As seen earlier, in light of the Plaintiff’s economic profit from May 25, 1994: (a) the Plaintiff was married to Nonparty 6 in Korea, and was in office as the representative director of the Social Welfare Foundation and the Social Welfare Foundation; (b) Nonparty 5 and Nonparty 4 were in office for profit-making corporations; and (c) Plaintiff’s wife was in office as the representative director of the Social Welfare Corporation; (d) the Plaintiff and Nonparty 4 were actively engaged in social service activities in Korea as of June 2006; (b) the Plaintiff paid KRW 3.9 billion to Nonparty 4 Co., Ltd. (the maximum shareholder and director) around September 2004; (c) the Plaintiff was in office at KRW 60,00,000,000,000,000,000,000,000,000,000 won was more than KRW 1.6,000,000,000,00.

E. Sub-decision

따라서 원고는 한·일 조세조약 제4조 제2항 ㈎목에 따라 한국의 거주자로 보아야 하고, 구 법에서 정한 납세의무자에 해당한다고 할 것이므로, 이와 다른 전제에 선 원고의 위 주장도 이유 없다.

3. Conclusion

Therefore, the plaintiff's claim of this case shall be dismissed as it is without merit, and the judgment of the court of first instance is just in conclusion, and the plaintiff's appeal is dismissed. It is so decided as per Disposition.

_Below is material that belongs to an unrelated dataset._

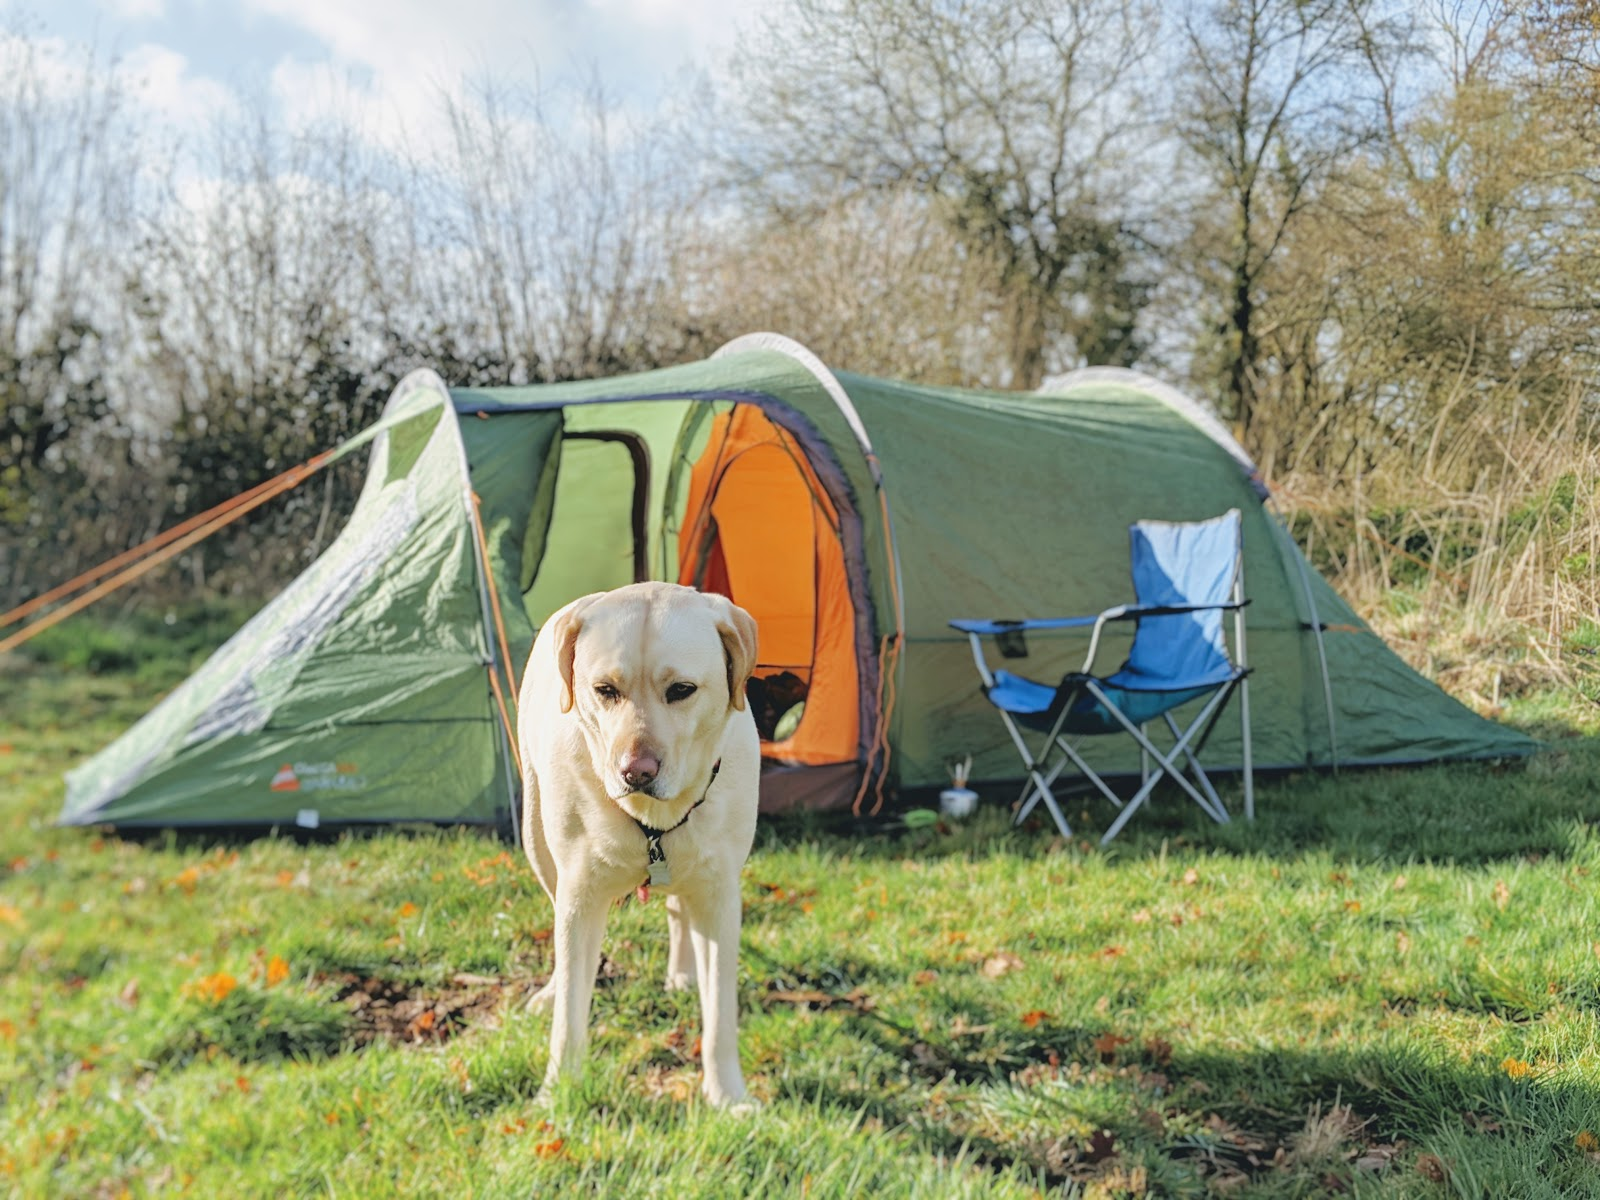 Scully the Labrador enjoying camping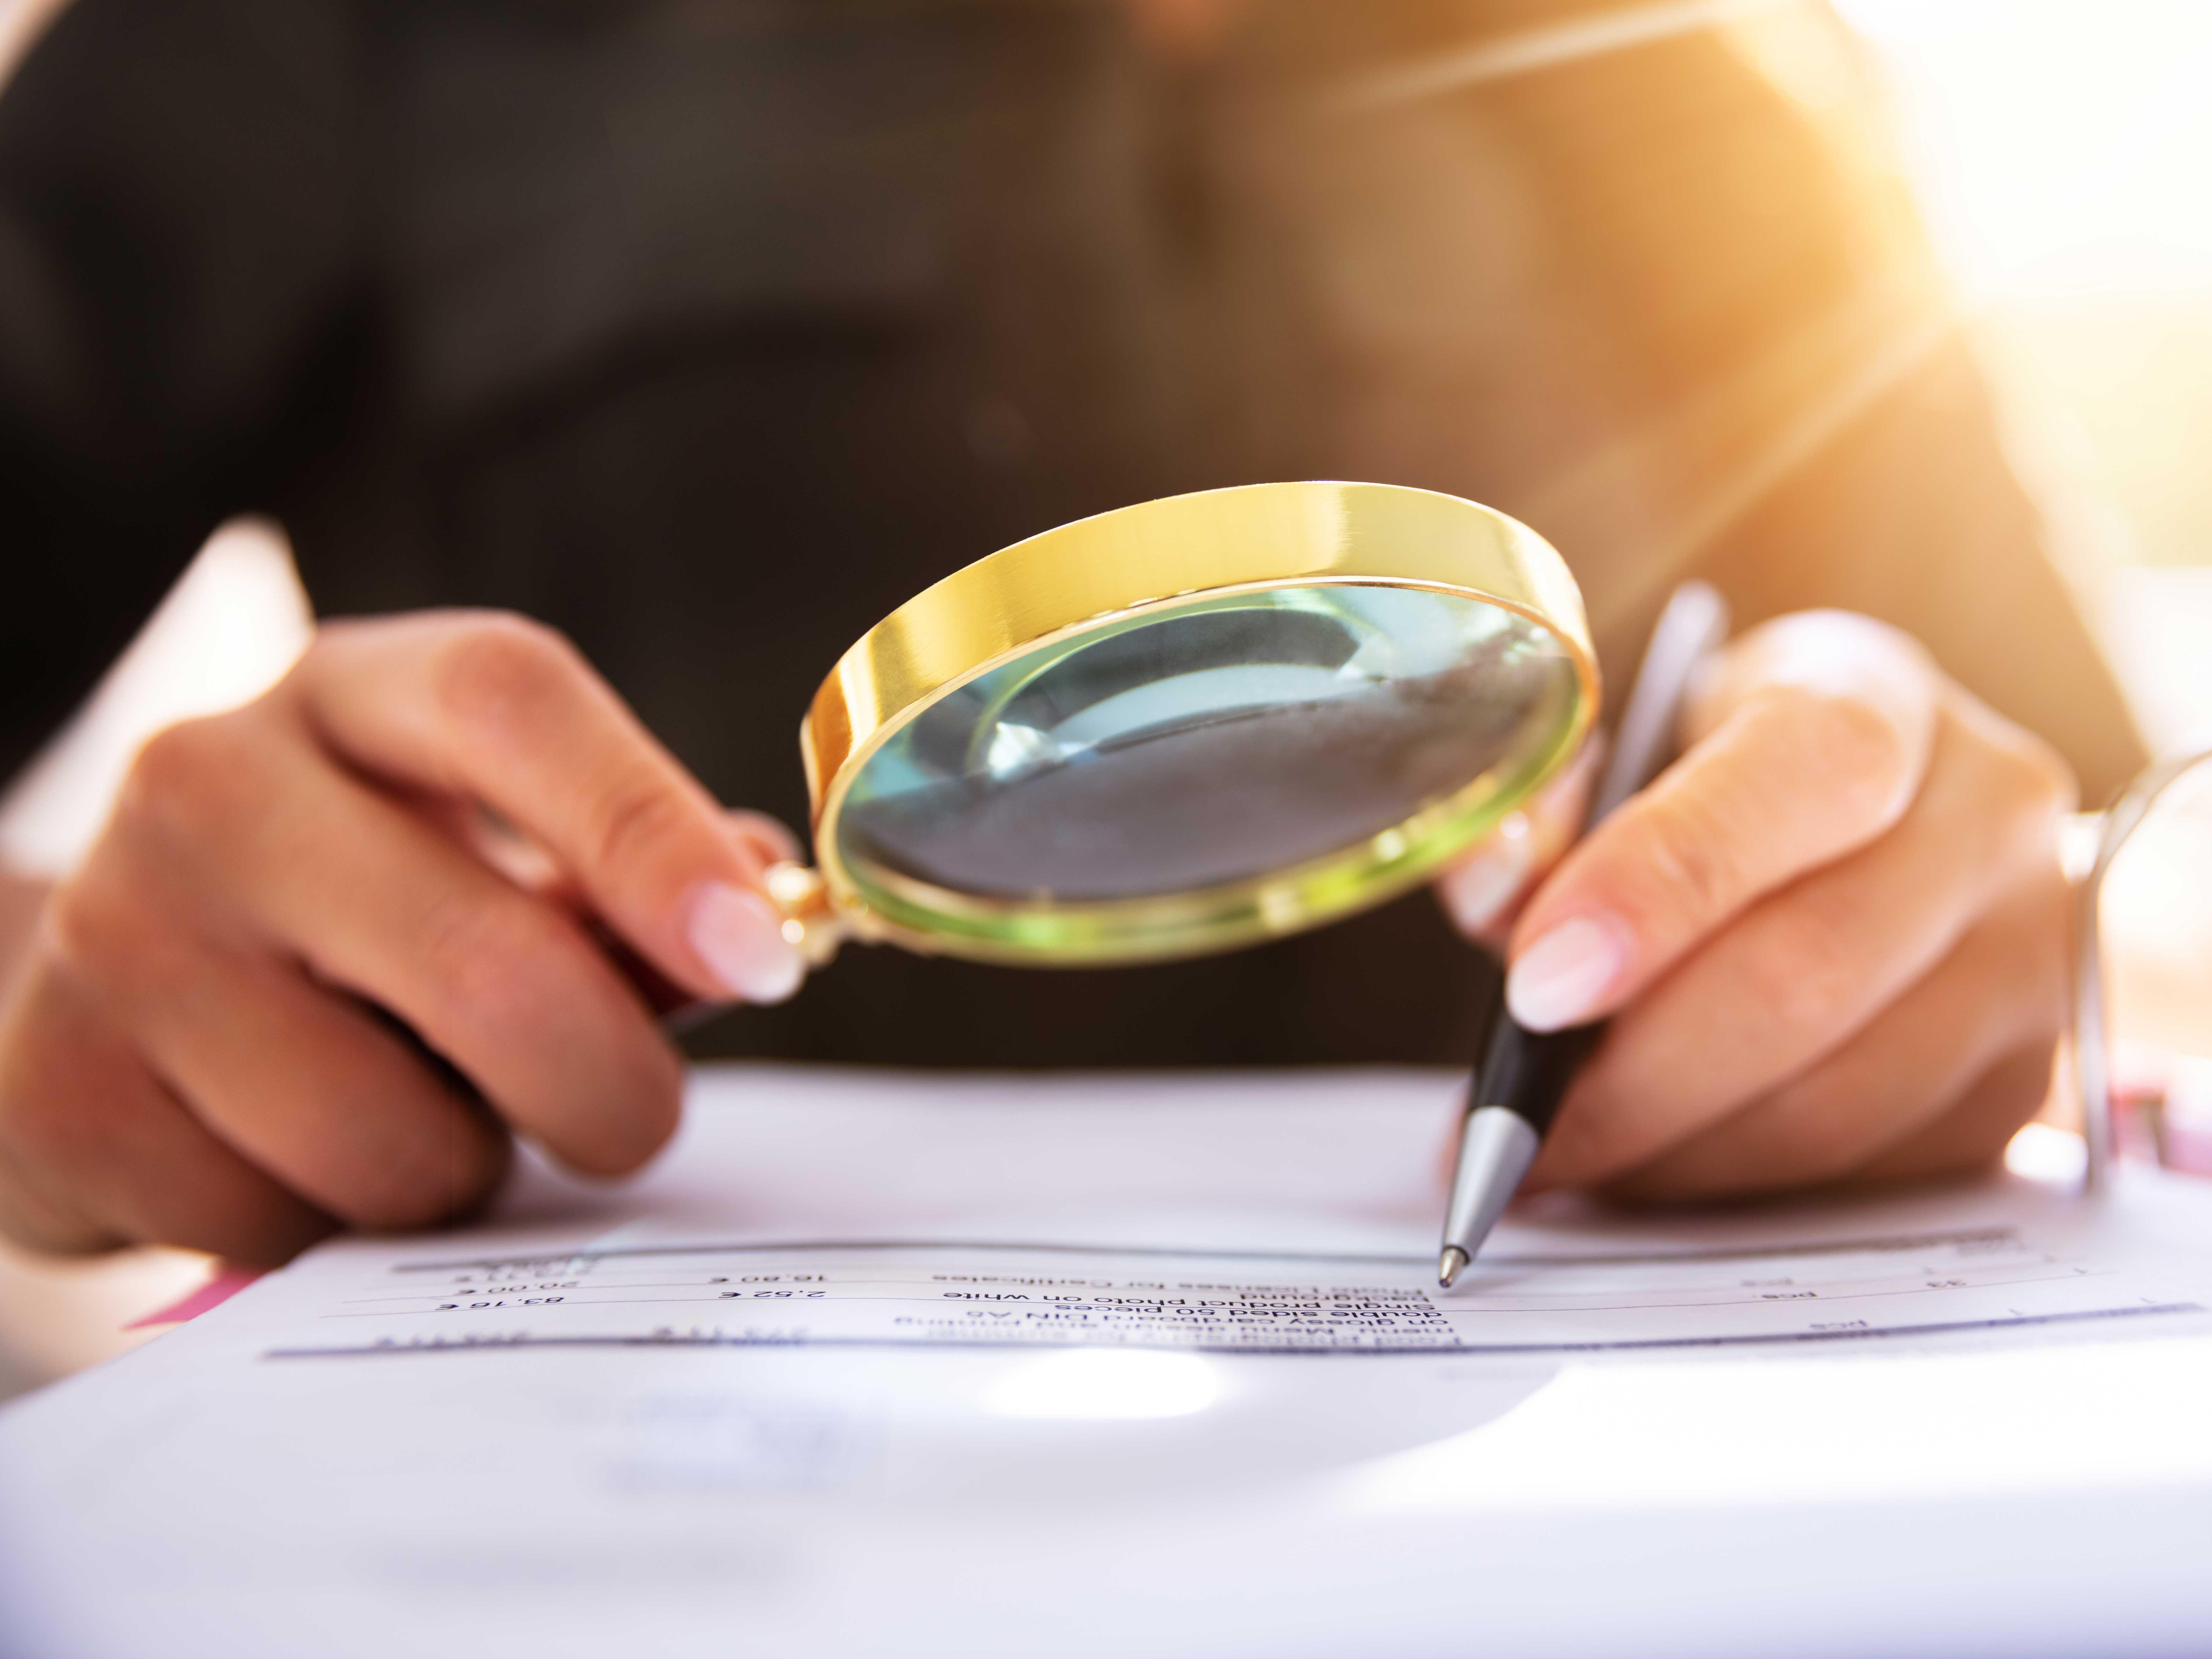 The Australian Government turns its spotlight on Regulators

[Attachment Omission of Related Acts]

Judges Cho Dong-dong (Presiding Judge)

1) In addition, comprehensively taking account of the above circumstances, the Plaintiff shall be deemed to have been residing in Korea for not less than one year pursuant to Article 2(3)2 of the Enforcement Decree of the Act, and Article 2(3)2 of the Enforcement Decree of the Act shall be interpreted as the example provision under Article 2(1) of the Enforcement Decree of the Act. Meanwhile, the Plaintiff asserted that Article 2(3)2 of the Enforcement Decree of the Act is contrary to the principle of clarity of taxation requirements. However, in full view of the relevant provisions and legislative intent of the former Act and the former Enforcement Decree of the Act, it is difficult to anticipate that the above provision is subject to taxation from the taxpayer’s position, or that it is difficult to view that the uncertainty of the pertinent phrase is able to allow the tax authority to apply a arbitrary law. Thus,

2) Although the Plaintiff asserts that it is a re-power holding the property of KRW 100 billion in Japan, the evidence submitted by the Plaintiff alone is insufficient to recognize it, and there is no other evidence to acknowledge it.